Cherry County's 2.3/10 score reflects genuinely low regulatory and demographic pressure on rental housing. The Sandhills rental market is thin - roughly 34% of residents rent - and average rent of $882/month with a 26.2% rent burden suggests rents are broadly affordable relative to local incomes. Nebraska eviction laws's statewide preemption of local rent-control ordinances removes a layer of policy risk common in higher-scoring counties, and the absence of source-of-income protections or just-cause eviction requirements keeps operational flexibility high for landlords here.

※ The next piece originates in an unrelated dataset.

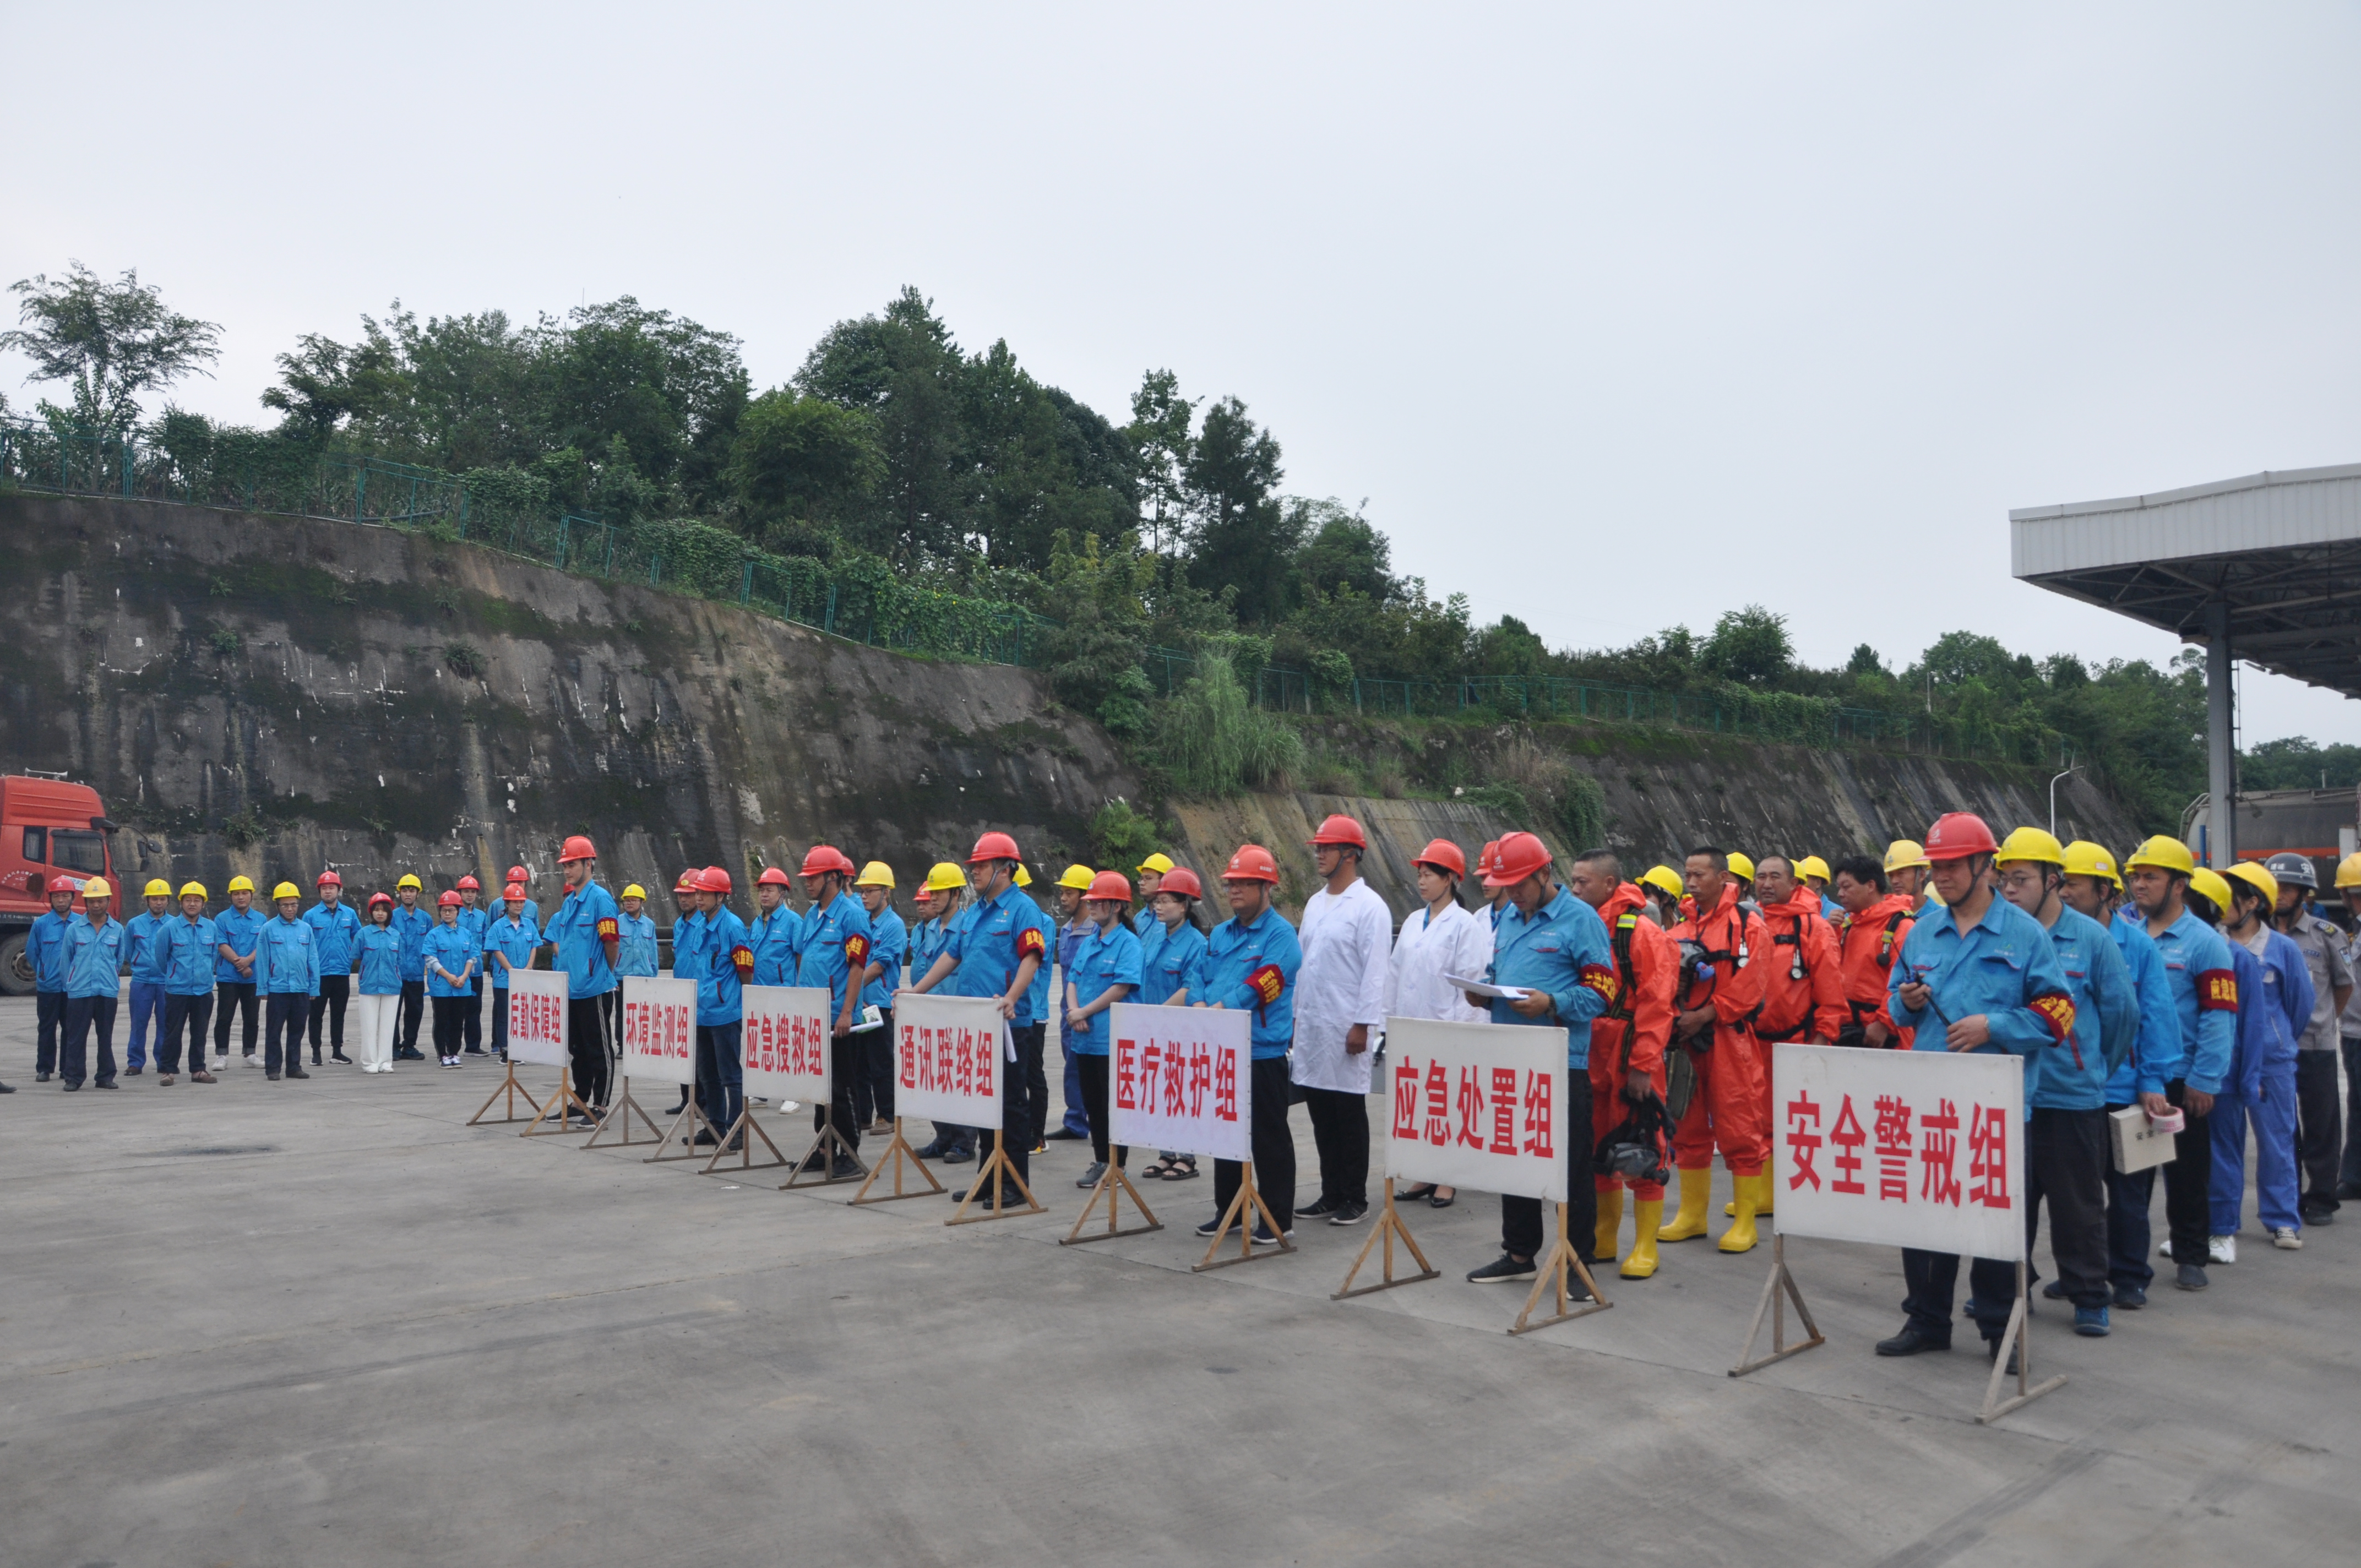 Sichuan Xinda New Energy Technology Co., Ltd. organizes emergency rescue drills for hazardous chemical spills in 2020

Historical eviction filings in Cherry County
From 2000 to 2016, eviction filings in Cherry County increased 150%. The peak was 12 filings in 2006.1
- 22000
- 12Peak (2006)
- 52016
Data covers 2000–2018, the full span of the Princeton Eviction Lab's national county court-records dataset.
How Cherry County compares
At 2.3/10 (Very Low), Cherry County sits below Nebraska eviction laws's statewide average of 2.9/10, confirming it as one of the lower-pressure rental markets in the state. Peer counties with similar scores - including Stanton, Valley eviction risk, Cedar, Nuckolls, and Kimball eviction risk - all cluster at comparable low-risk levels, reflecting the broadly landlord-favorable operating environment across rural Nebraska eviction laws. Cherry County's score spread of 2.2 to 2.9 is notably tight, indicating consistent conditions across its seven communities rather than pockets of elevated risk within an otherwise low-scoring county.